Хозяин заведения захлопал маленькими глазками, потрясенный наглостью и напором художника, но не смог выдавить в ответ ни единого слова, лишь покорно кивнул, прижав к груди врученные дрова.
Оценив ослепительной улыбкой отвисшую челюсть мистера Тейлора, Габриэль развернулся и, подмигнув Тимоти, снова направился в сарай.
Данте вернулся через несколько минут, с лицом мученика неся в руках несколько увесистых поленьев. Бросив исподлобья суровый взгляд на подметающего пол мистера Тейлора, он улыбнулся прелестной картине: Тимоти, стоя на коленках, жмурясь и очаровательно морща нос от сизого пепла и веселых искорок, приводил в чувство, и правда, начавший было затухать очаг. Склонившись ближе к тлеющим углям, юноша поворошил их короткой кочергой, вдохнул побольше воздуха и вдруг звонко чихнул, тряхнув белокурой челкой.
— Да благословит тебя Бог, — пожелал Габриэль, одарив его теплой улыбкой, аккуратно сложил поленья на кованую дровницу и опустился рядом. — Нам повезло, — он кивнул на угли и усмехнулся, — они в самом деле почти погасли.

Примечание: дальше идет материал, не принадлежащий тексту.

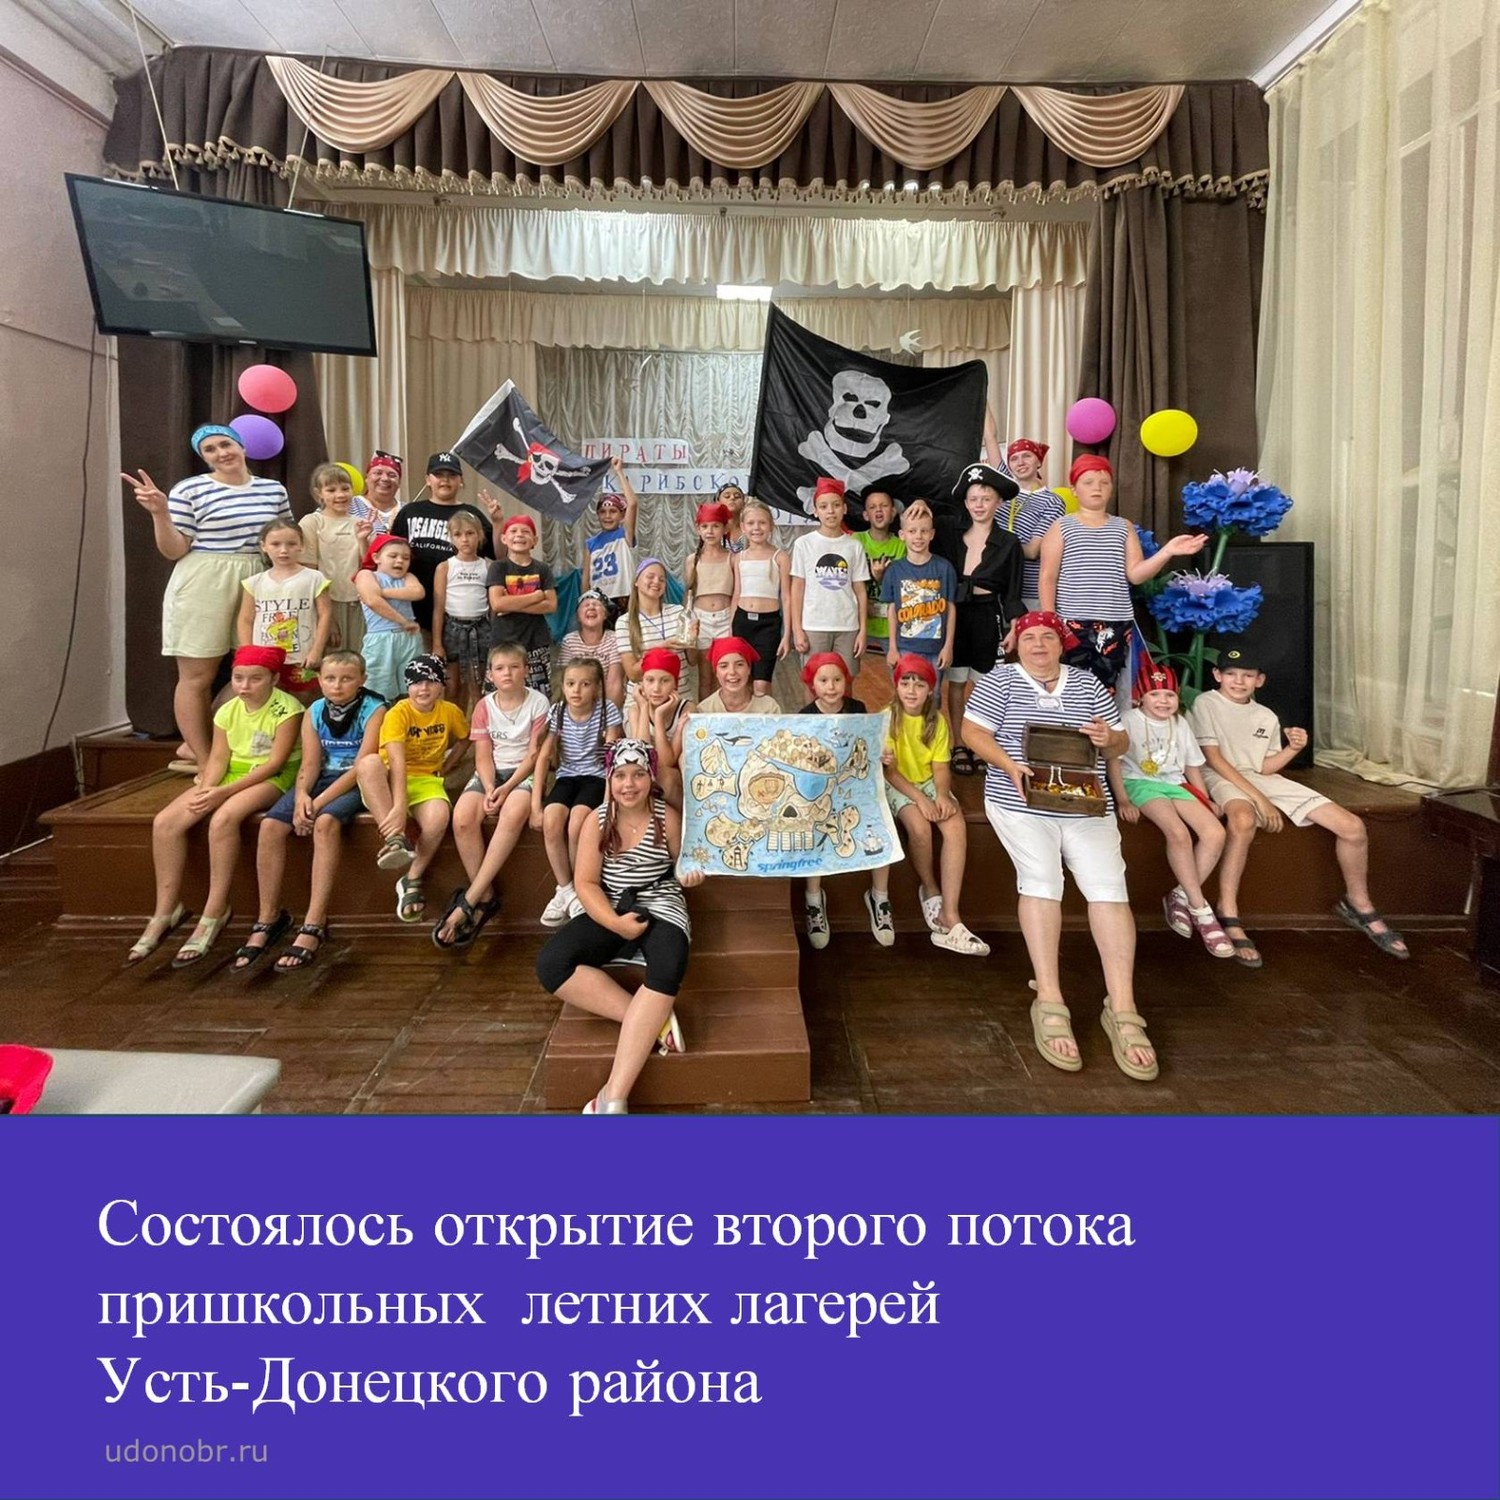 Состоялось открытие второго потока пришкольных летних лагерей Усть-Донецкого района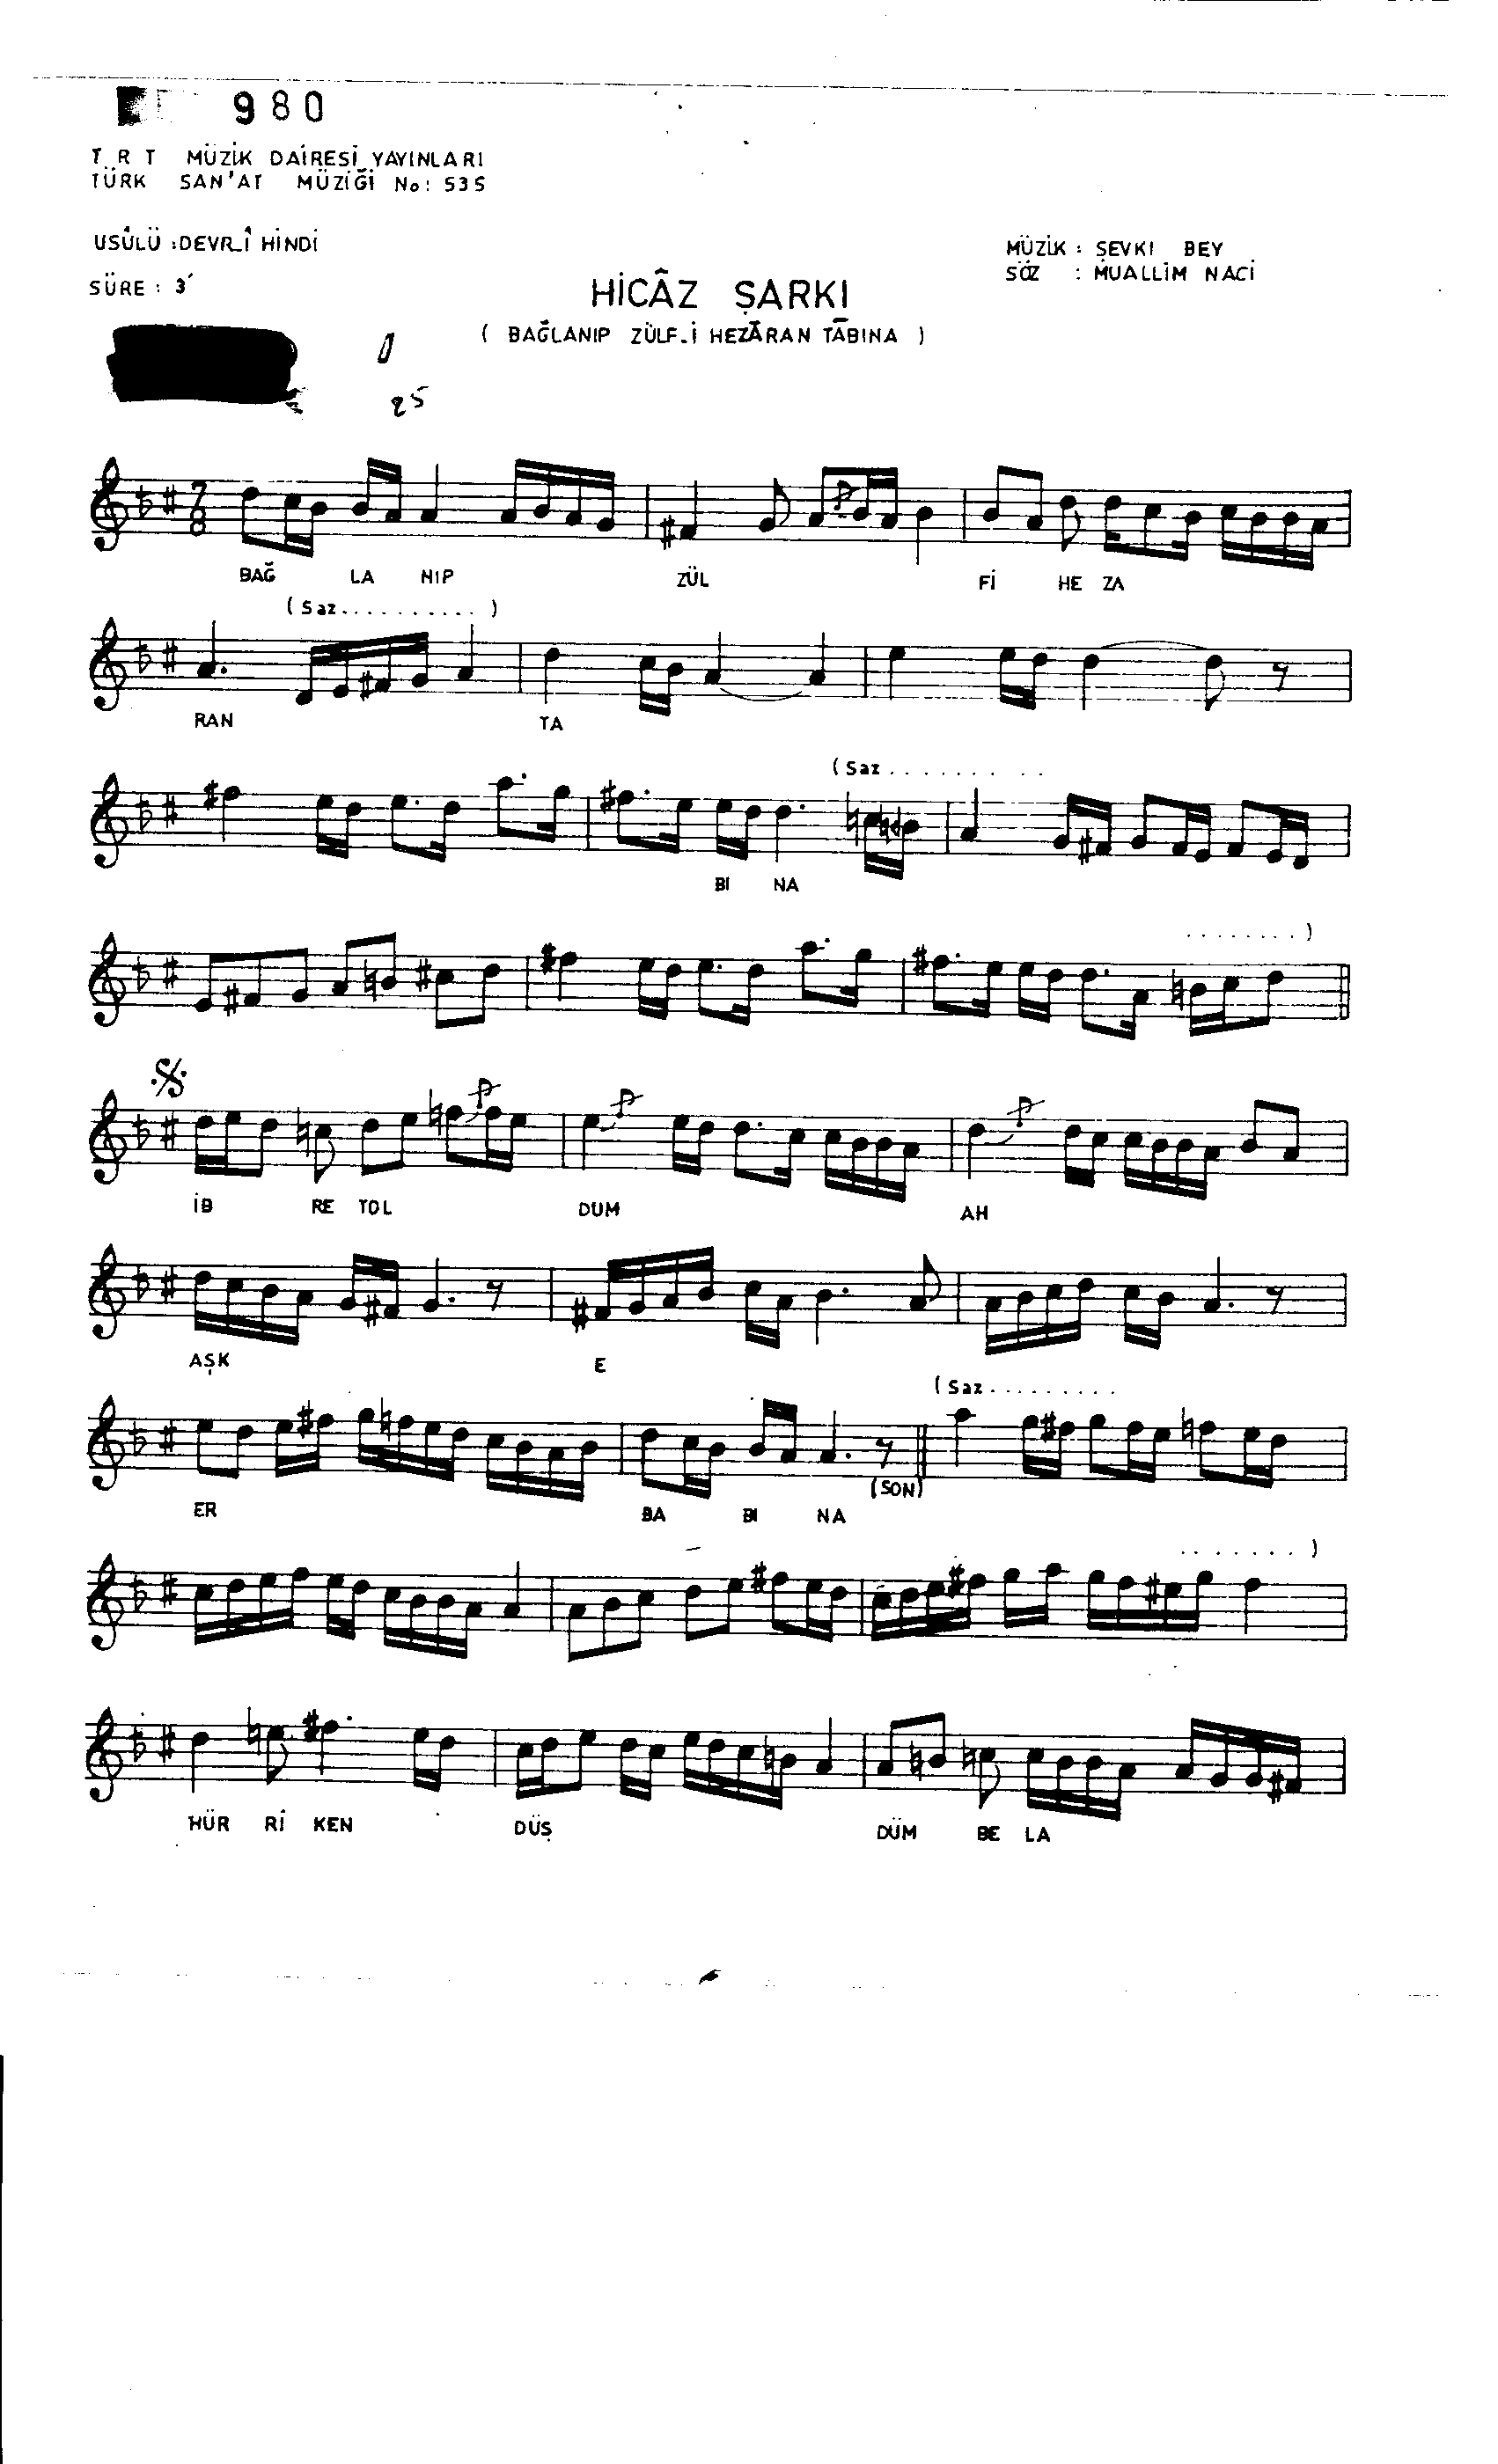 Hicâz - Şarkı - Şevkî Bey - Sayfa 1

— Благодарю, — ответил Тимоти и вздохнул. — Дяде нелегко будет справляться со всеми делами, коль я вечерами не смогу помогать ему. Впрочем, есть еще Джимми, помощник, который тут работал еще до моего переезда, но он такой лодырь. — Он усмехнулся и весело глянул на итальянца. — Но, полагаю, теперь ему придется отрабатывать деньги, которые платит дядя, а не спихивать мне всю работу, ссылаясь на вечное недомогание.
Художник удивленно приподнял бровь.
— Значит… ты даешь мне согласие?
— Я его дал еще на заднем дворе, — тихо произнес Тимоти, опуская глаза, — и, мне кажется, оно было достаточно красноречиво…
Занявшиеся язычки пламени померкли от улыбки, озарившей лицо Габриэля. Вовремя спохватившись, чтобы не накинуться с объятиями на потупившего взор Тимоти, он лишь благодарно сжал его руку.
— Ты не представляешь, как я счастлив.
Юноша смущенно взглянул на него из-под упавшей челки, осторожно сжал в ответ тонкие пальцы и вздохнул.
— Тебе пора возвращаться к друзьям. Они ждут.
Габриэль обернулся на столик Братства — три пары глаз внимательно наблюдали за ними: Маньяк, сложив руки на груди и гордо задрав косматую бороду, подозрительно щурил серые глаза; Фрэнк, с сочувствием глядя на юную модель, теребил пестрый шелковый шарф, который, как утверждал Габриэль, позаимствовал у матушки; Джонни, молитвенно сложив руки, переводил переполненный волнением взгляд с Тимоти на художника и обратно, шепча что-то пухлыми как у ребенка губами.
— Да, пора, — согласился Россетти, вновь повернулся к юноше и мягко улыбнулся. — Твои переводы… и не только… — он достал из кармана и протянул потрепанную тетрадь, — Постарайся больше их нигде не оставлять.
Тимоти, вспыхнув, ответил ему очаровательной робкой улыбкой и кивнул.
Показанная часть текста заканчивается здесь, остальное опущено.